Task to complete » Return every line of the records that includes the string "Your".

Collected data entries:
::::
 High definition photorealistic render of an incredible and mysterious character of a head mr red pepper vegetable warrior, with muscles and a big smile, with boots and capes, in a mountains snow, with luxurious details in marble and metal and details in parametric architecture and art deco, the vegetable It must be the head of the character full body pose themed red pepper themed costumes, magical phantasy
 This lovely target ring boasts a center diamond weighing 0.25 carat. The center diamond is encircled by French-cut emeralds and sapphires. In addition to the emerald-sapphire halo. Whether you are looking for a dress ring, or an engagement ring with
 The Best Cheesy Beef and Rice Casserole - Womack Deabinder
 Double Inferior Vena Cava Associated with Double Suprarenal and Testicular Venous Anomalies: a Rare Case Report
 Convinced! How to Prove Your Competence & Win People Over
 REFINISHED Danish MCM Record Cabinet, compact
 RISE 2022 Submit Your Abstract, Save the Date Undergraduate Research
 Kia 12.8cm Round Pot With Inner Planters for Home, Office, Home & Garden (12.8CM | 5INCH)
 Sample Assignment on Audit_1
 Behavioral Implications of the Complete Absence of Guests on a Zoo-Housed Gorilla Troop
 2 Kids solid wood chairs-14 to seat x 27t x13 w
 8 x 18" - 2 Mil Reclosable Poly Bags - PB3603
::::
Result of this task »
 Convinced! How to Prove Your Competence & Win People Over
 RISE 2022 Submit Your Abstract, Save the Date Undergraduate Research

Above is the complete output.